Analysis

DeVos diverts emergency funds to bolster private schools

In late March, Congress passed the CARES (Coronavirus Aid, Relief, and Economic Security) Act meant to stimulate the economy in the wake of the COVID-19 pandemic. The legislation also included a critical $30.7 billion for educational funding in order to stabilize public school finances. Public school districts in the United States, which are funded largely through property-tax revenues, are likely to encounter significant budget shortfalls as a consequence of the pandemic and mass unemployment.

The CARES Act offered necessary aid to public schools already facing dire financial straits. However, on April 30th, Secretary of Education Betsy DeVos released guidance directing states to share the emergency funds with tuition-based private schools. DeVos’s statement, which flouts Congressional intention to support low-income school districts, is only the Secretary’s latest action in a long campaign against public education.

A vendetta against public schools

DeVos’s efforts to undermine public schools began well before she took office. As chairperson for the American Federation for Children (a right-wing advocacy group), she worked to promote school voucher programs. Indeed, DeVos herself has spent more than $10 million of her own money to lobby for so-called “school choice” programs. 

As Secretary of Education, DeVos introduced legislation in 2019 called the Education Freedom Scholarships and Opportunity Act. Co-Sponsored by right-wing Senator Ted Cruz, the bill sought to invest over $50 billion in school voucher programs. At the same time, DeVos also announced support for President Donald Trump’s plan to cut federal education spending by $8.5 billion dollars. DeVos continues to make voucher programs a priority, despite their wide unpopularity.

Such programs divert much-needed funding away from public schools by earmarking school district finances for families looking to send their children to privately-controlled schools. While “school-choice” advocates often allege that vouchers will enable families to choose the best schools for their children, the reality rarely matches up. Vouchers almost never cover the cost of private schooling, but they do drain resources from public schools.

DeVos has never kept her vendetta against public schools a secret, though her latest moves to divert CARES act money to private schools represent a despicable and transparent political maneuver to further privatize education. The idea that a health crisis is the appropriate time to funnel money to private schools is an insult to the needs of families.

DeVos remains indifferent to the needs of working class families

Public schools, for the vast majority of working class families, are a primary source of nutrition, mental health counseling, and special education services–let alone a general education. In response to the pandemic, educational workers have continued to provide meals to families in need. In contrast, private institutions are under no obligation to provide meals when school is not in session, regardless of how many students within a school community are classified as low-income.

Beyond the issued guidance regarding the diversion of funding to private schools, DeVos has also announced a “microgrant” program that encourages families to apply for financial aid in order to pay for private school tuition or distance-learning resources. While the details of this program are still vague, the intent is clear: the federal government will dangle financial aid in front of working-class families and ask these families to compete for assistance. 
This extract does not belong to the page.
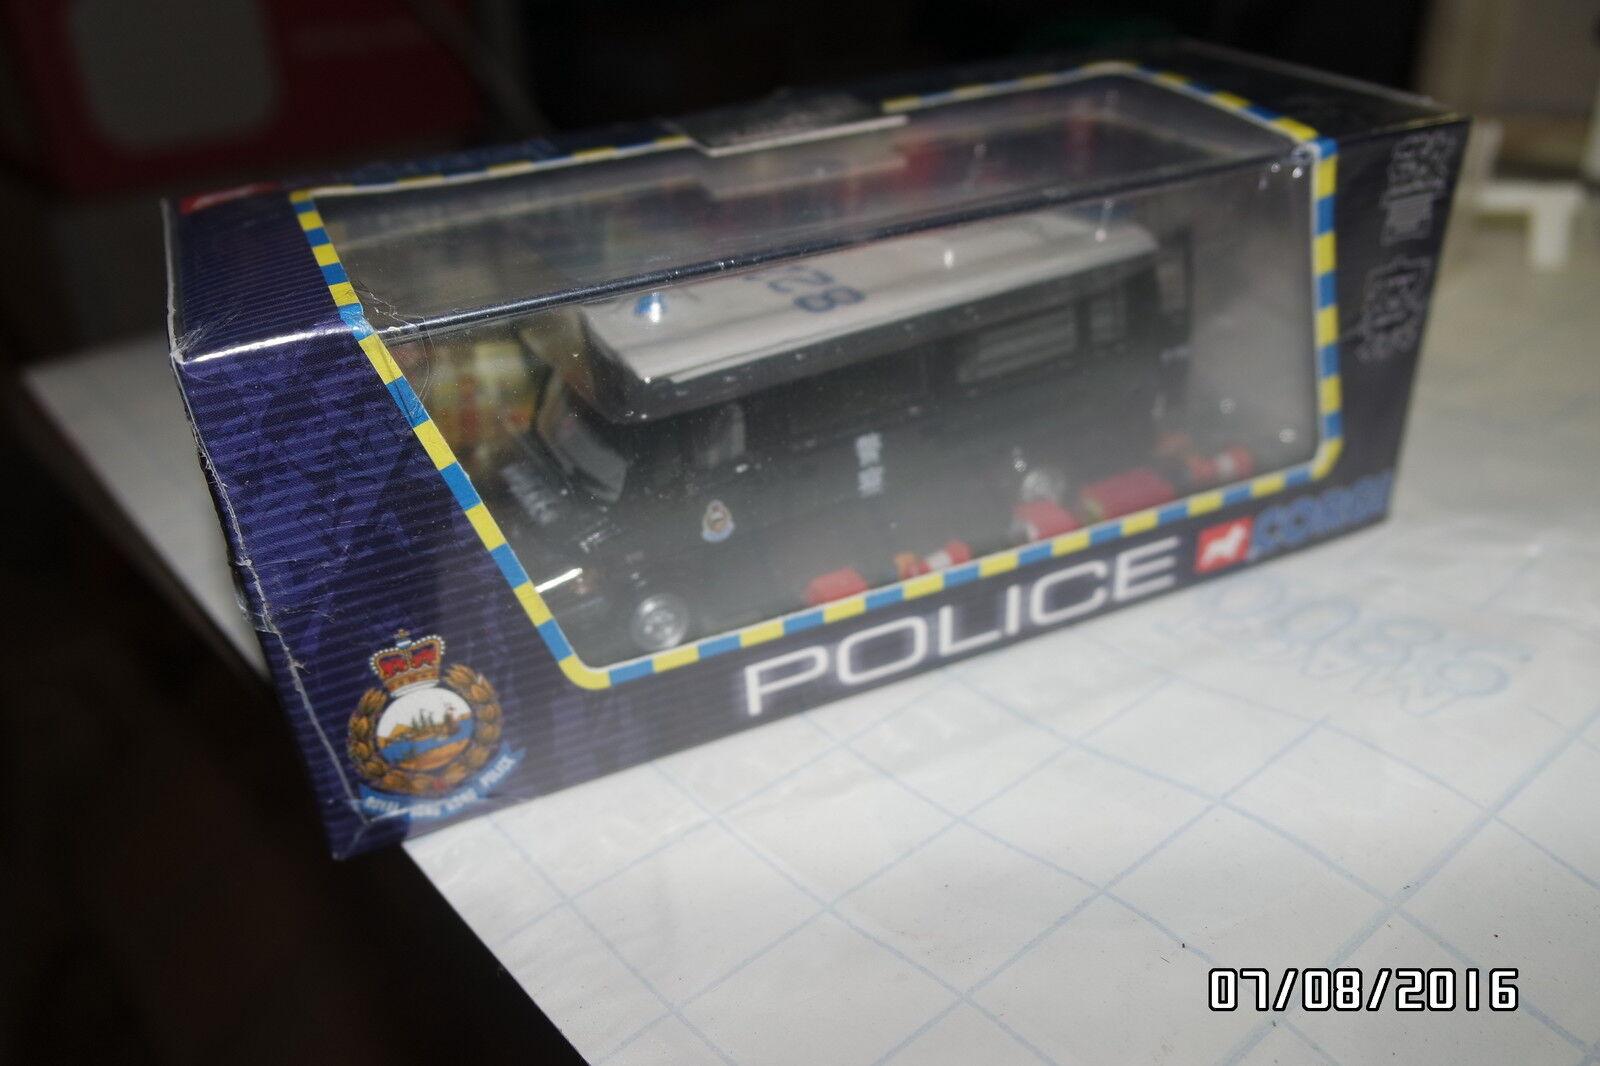 MERCEDES 310 FOURGON POLICE HONG HONG HONG KONG 3000 EX NB CC02202 aad56c
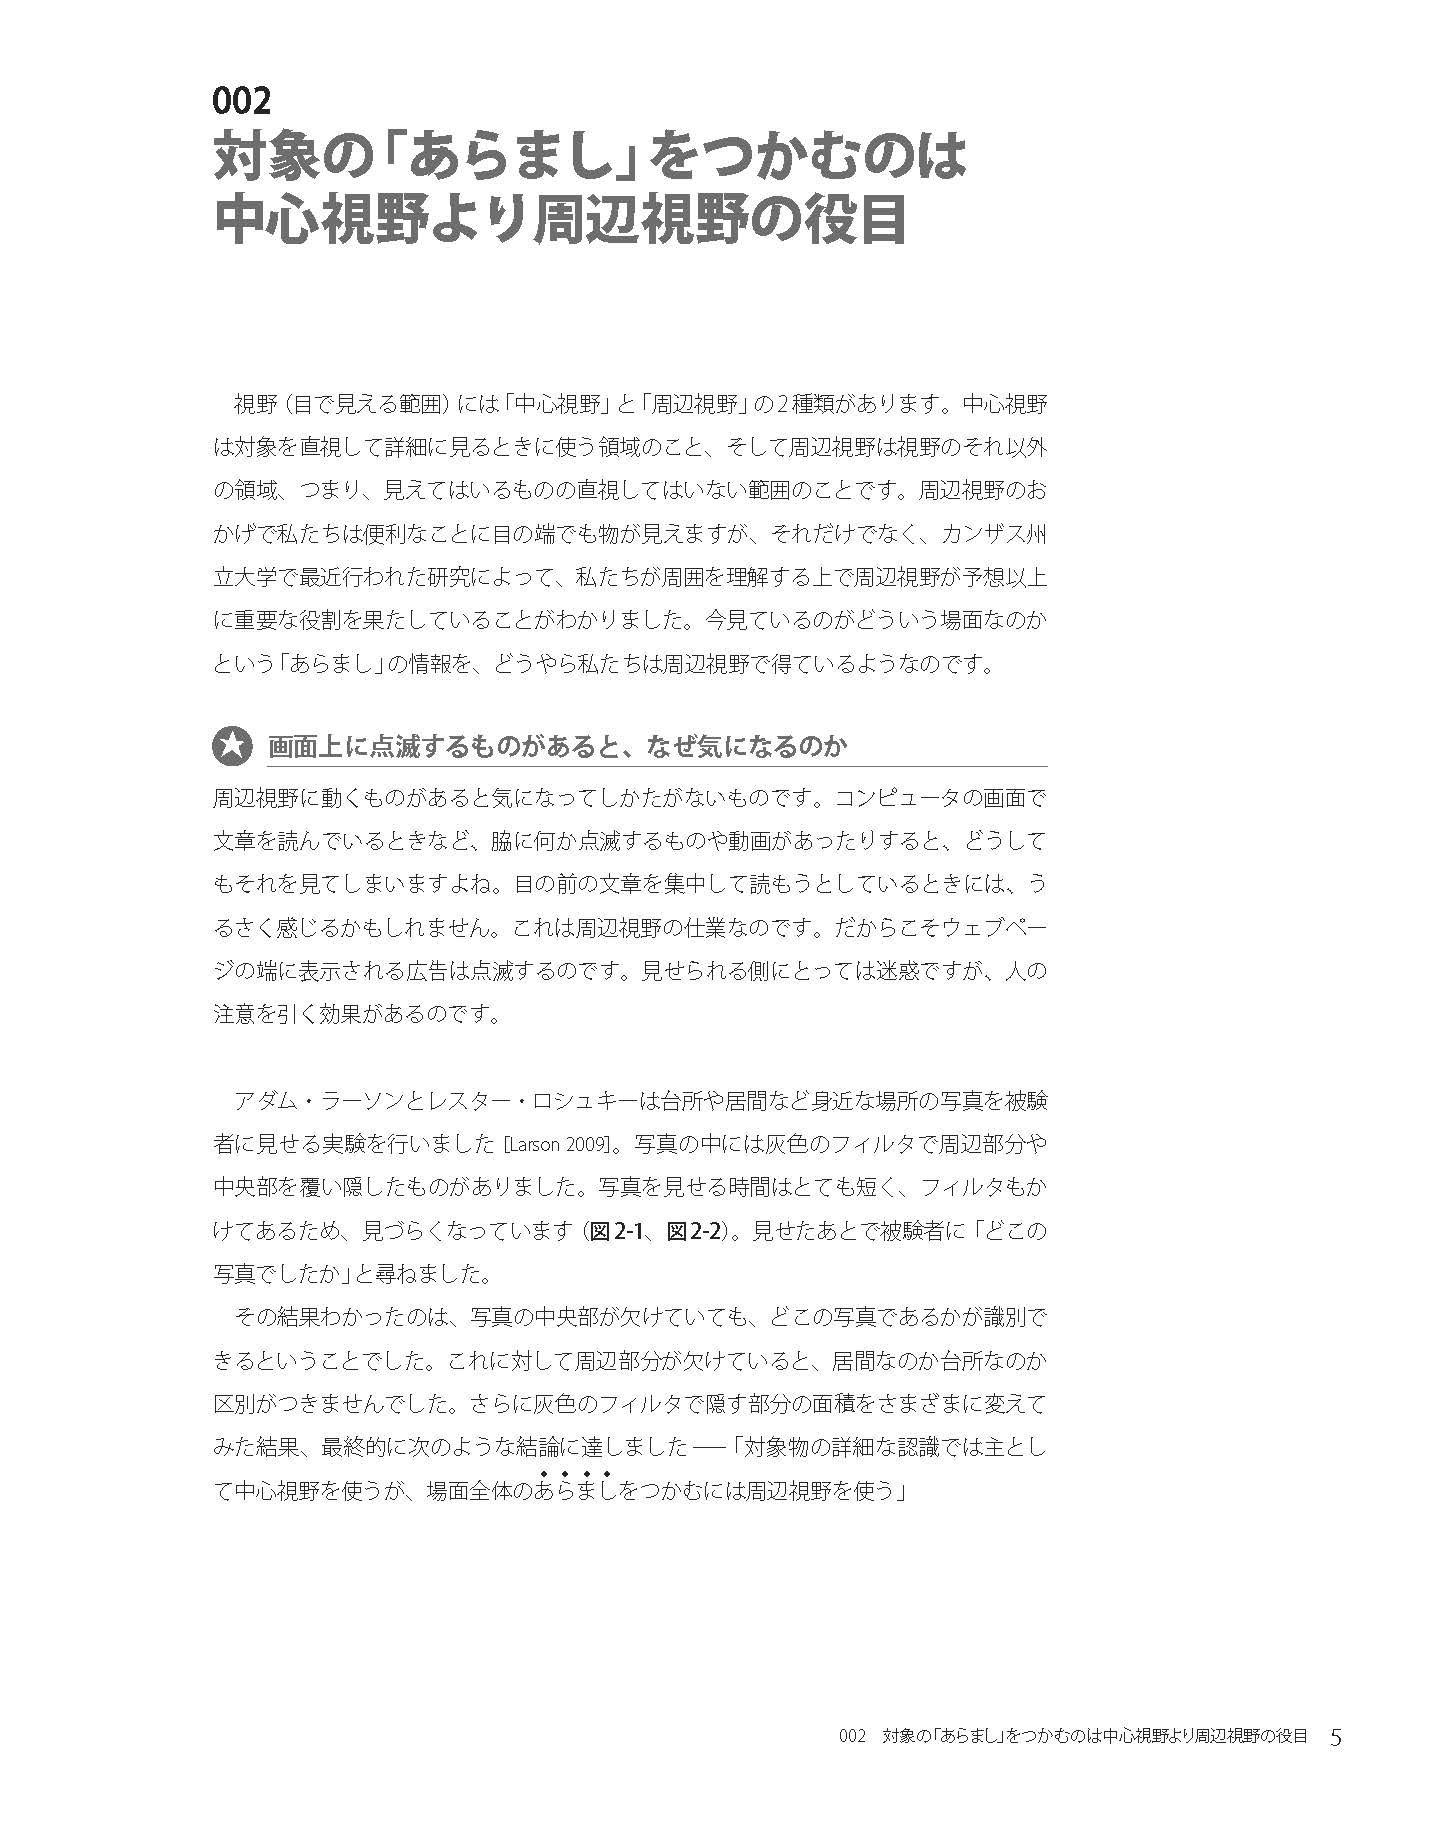 https://images-na.ssl-images-amazon.com/images/I/81GGExbLrGL.jpg

If DeVos’s contemptible guidance is put into action, working class families will certainly feel the impact of money being siphoned away from their public schools. Already, schools are contending with economic disparities that threaten the goal of accessible education for all. Permanent school closures, primarily in working class and oppressed neighborhoods, continue to fragment communities and create overcrowded classrooms. 

In California, for instance, 16 schools are slated to close or merge with other institutions at the end of the school year; the majority of these school closures are in densely-populated, predominantly working-class areas. Public school closures mean that classrooms in remaining schools become overcrowded. In the wake of the COVID-19 pandemic, crowding in the classroom will have serious ramifications.

Secretary DeVos, and the Trump administration as a whole, has demonstrated reprehensible indifference to the plight of working-class students in the United States. Public schools must be fully funded in order to meet the needs of all families, especially throughout the COVID-19 health crisis!